### INSTRUCTIONS TO FOLLOW:
Return the full listing character for character, without its pictures.

### RECORDED DATA:
——————

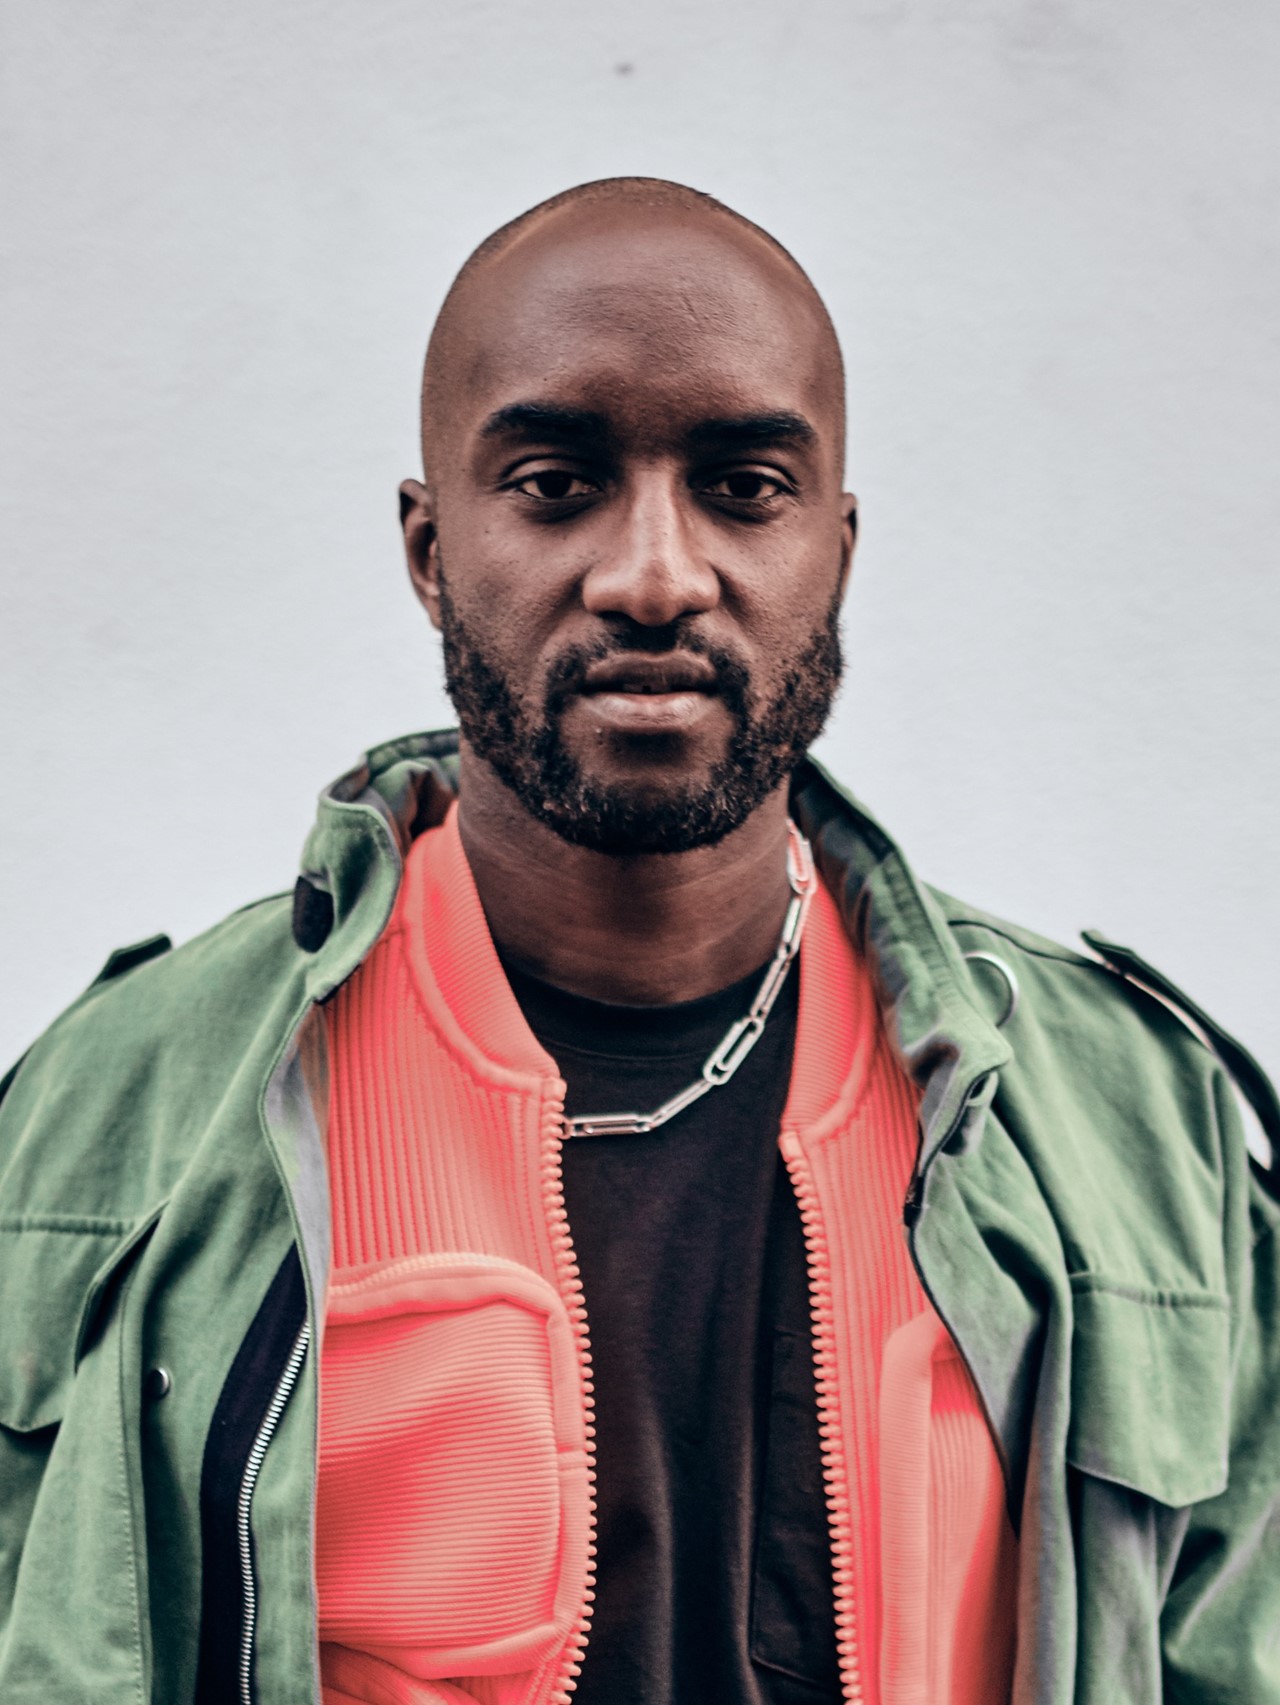 Kanye West leads tributes to Virgil Abloh with moving Sunday
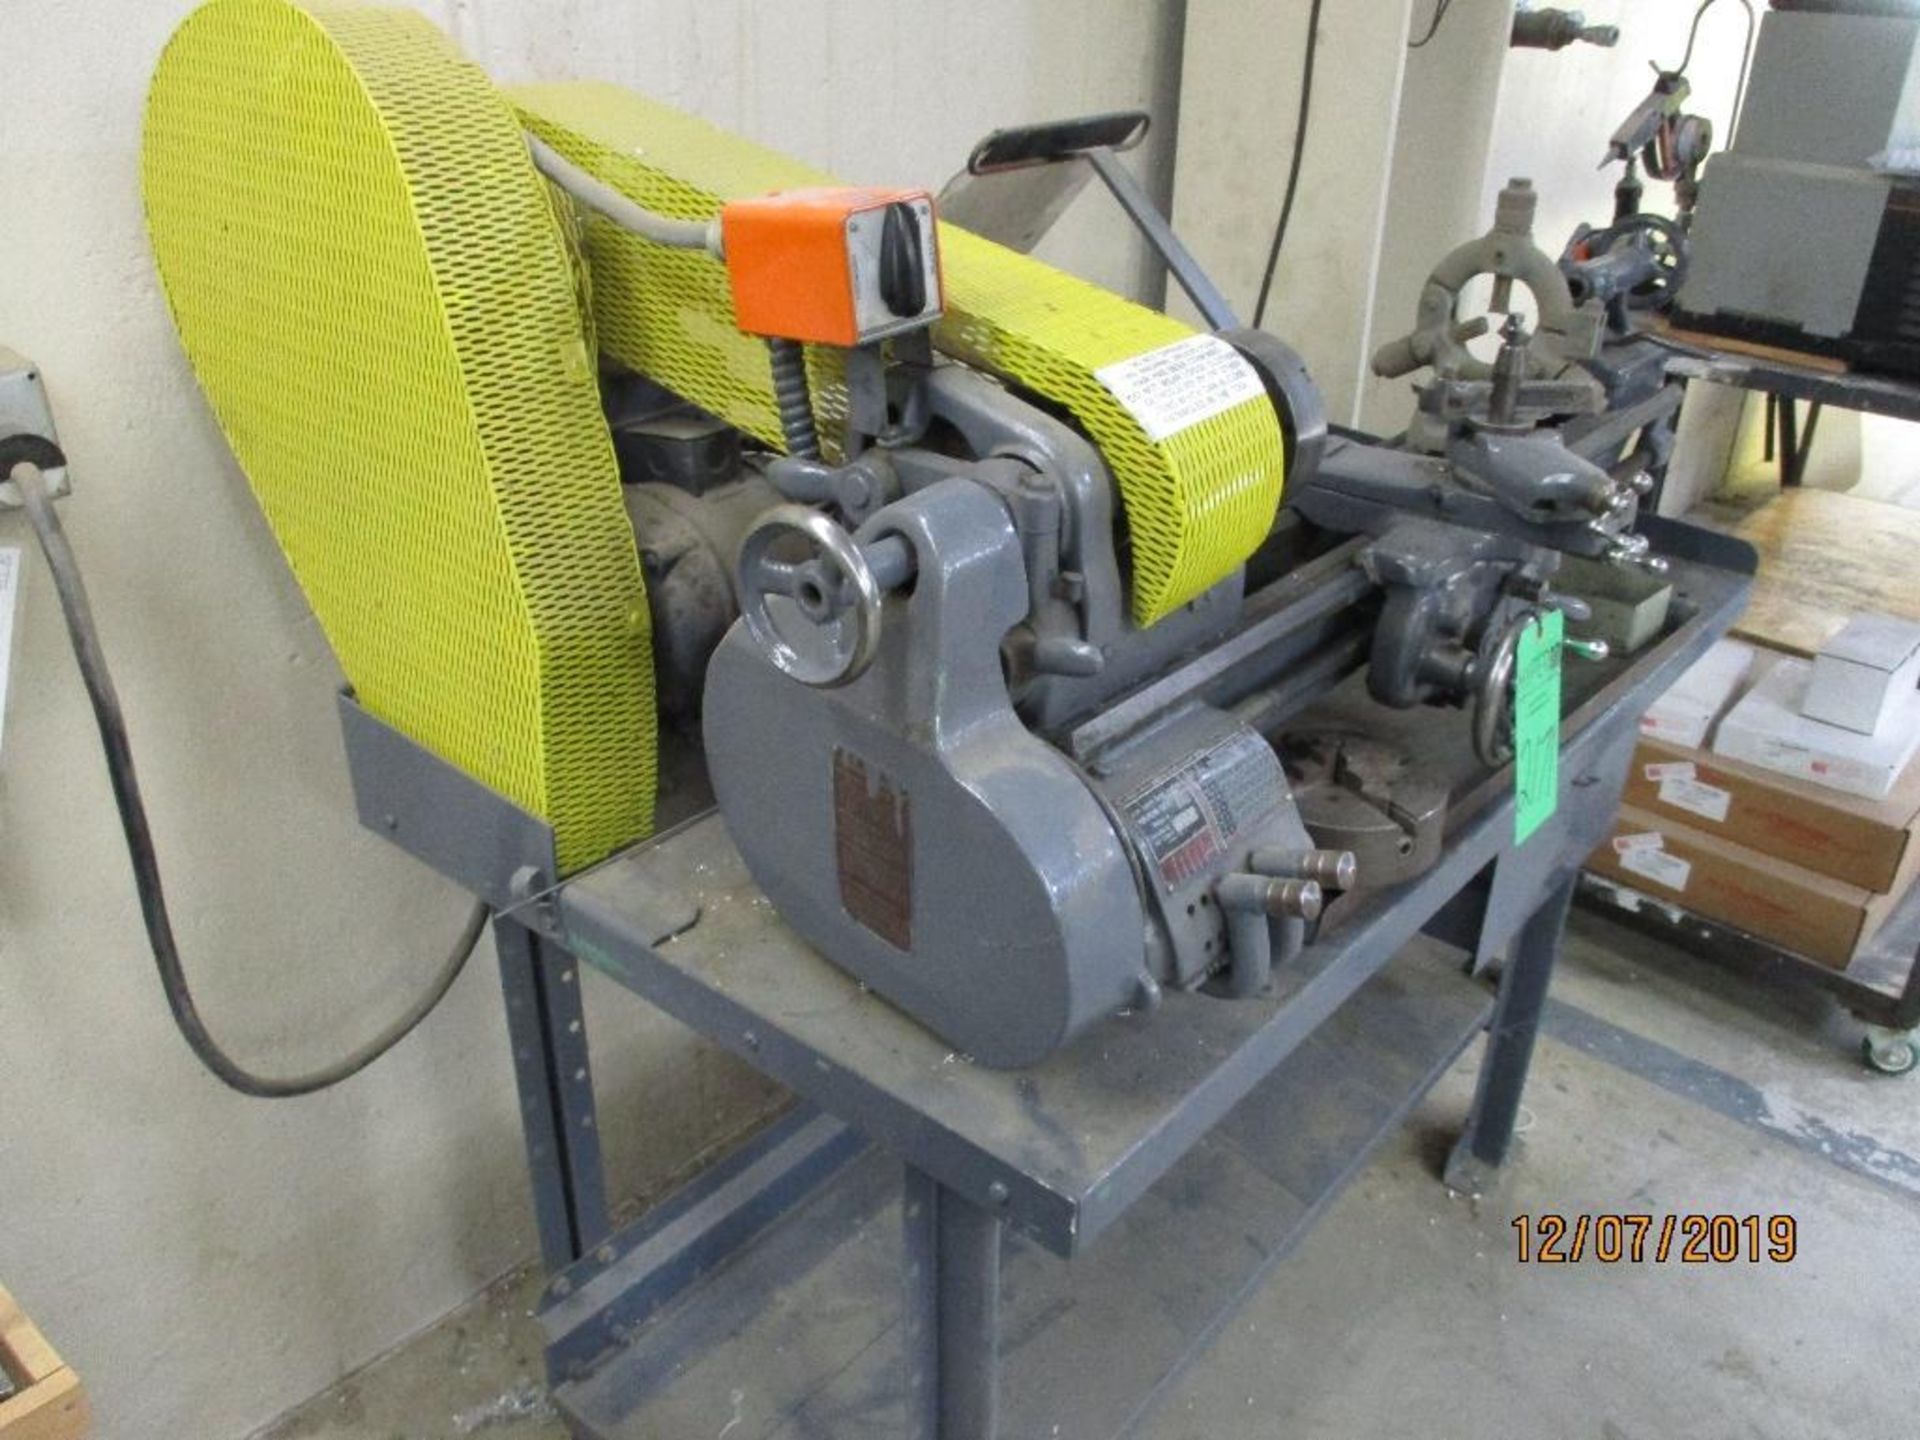 Southbend Precision Lathe With Steady Rest, 9" Swing, 2' Between Centers, 3/4" Hole Thru Center, 5" - Image 3 of 4
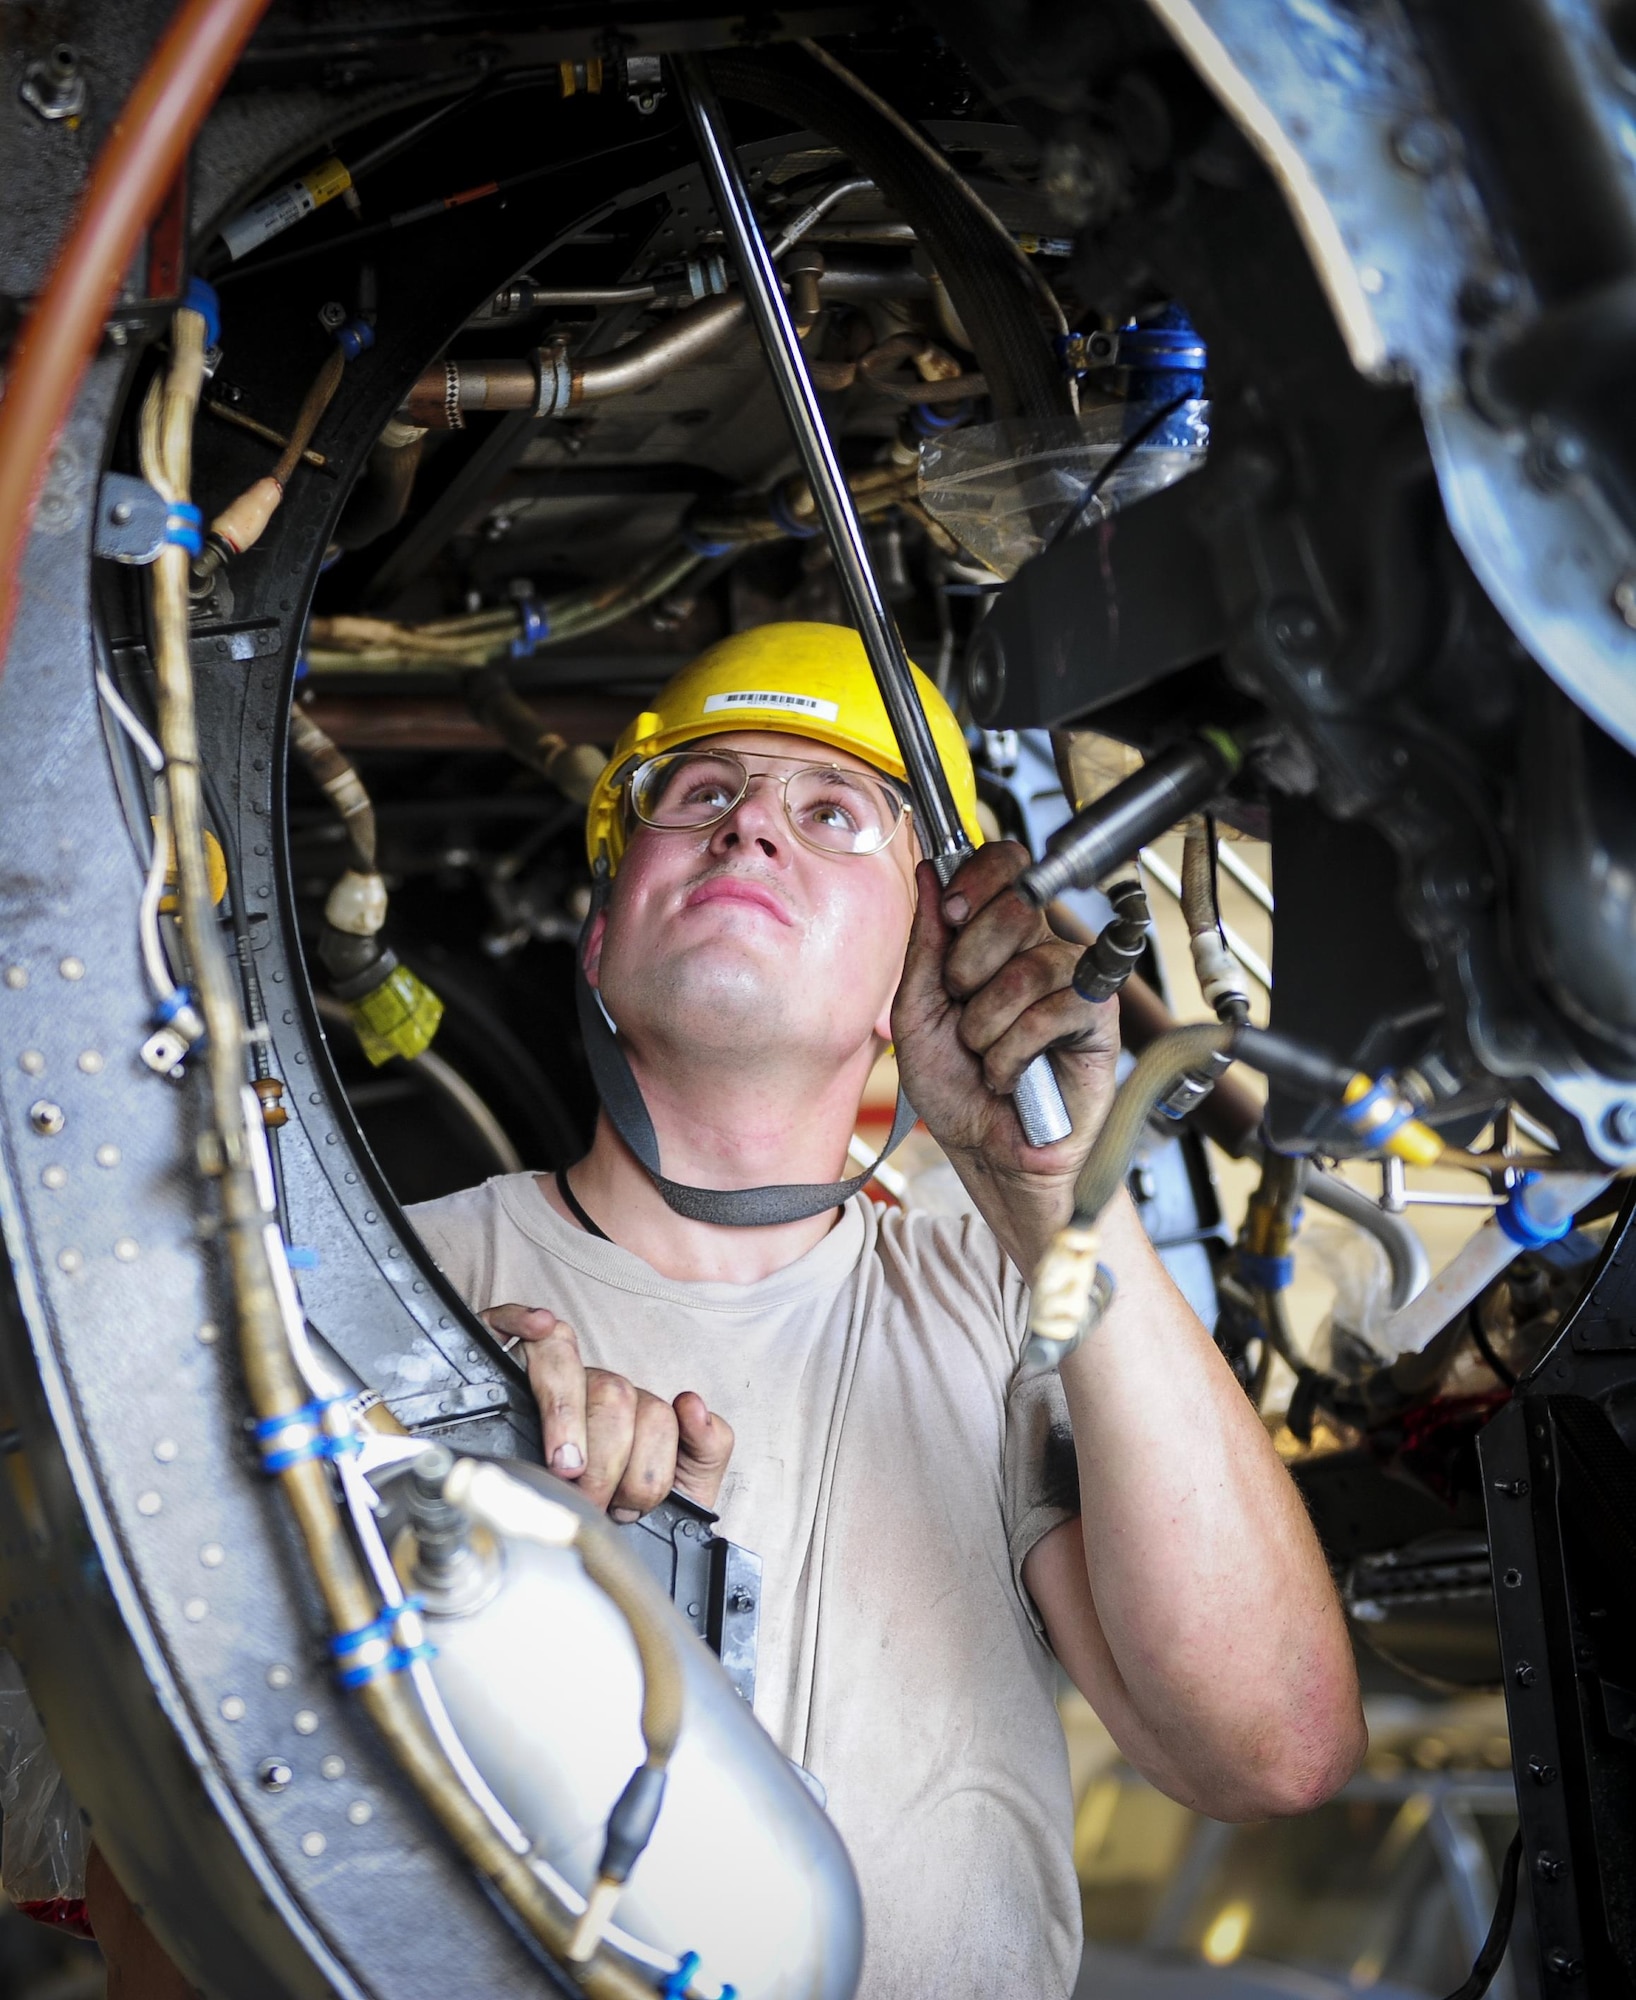 Airman 1st Class Richard Bassett, 801st Special Operations Aircraft Maintenance Squadron crew chief, loosens torque bolts on a CV-22B Osprey gear box on the flight line at Hurlburt Field Fla., July 20, 2015. The 801st SOAMXS’s mission is to perform all equipment maintenance in support of worldwide special operations missions in response to national command authority taskings for the CV-22B Osprey and the MC-130H Talon II. Maintenance includes aircraft servicing, phase inspections, troubleshooting, repair, modifications and launch recovery for all aircraft. (U.S. Air Force photo/Senior Airman Meagan Schutter)

——————

### SOLVED EXERCISE:
 Kanye West leads tributes to Virgil Abloh with moving Sunday
 Southbend Precision Lathe With Steady Rest, 9" Swing, 2' Between Centers, 3/4" Hole Thru Center, 5" - Image 3 of 4
 Airman 1st Class Richard Bassett, 801st Special Operations Aircraft Maintenance Squadron crew chief, loosens torque bolts on a CV-22B Osprey gear box on the flight line at Hurlburt Field Fla., July 20, 2015. The 801st SOAMXS’s mission is to perform all equipment maintenance in support of worldwide special operations missions in response to national command authority taskings for the CV-22B Osprey and the MC-130H Talon II. Maintenance includes aircraft servicing, phase inspections, troubleshooting, repair, modifications and launch recovery for all aircraft. (U.S. Air Force photo/Senior Airman Meagan Schutter)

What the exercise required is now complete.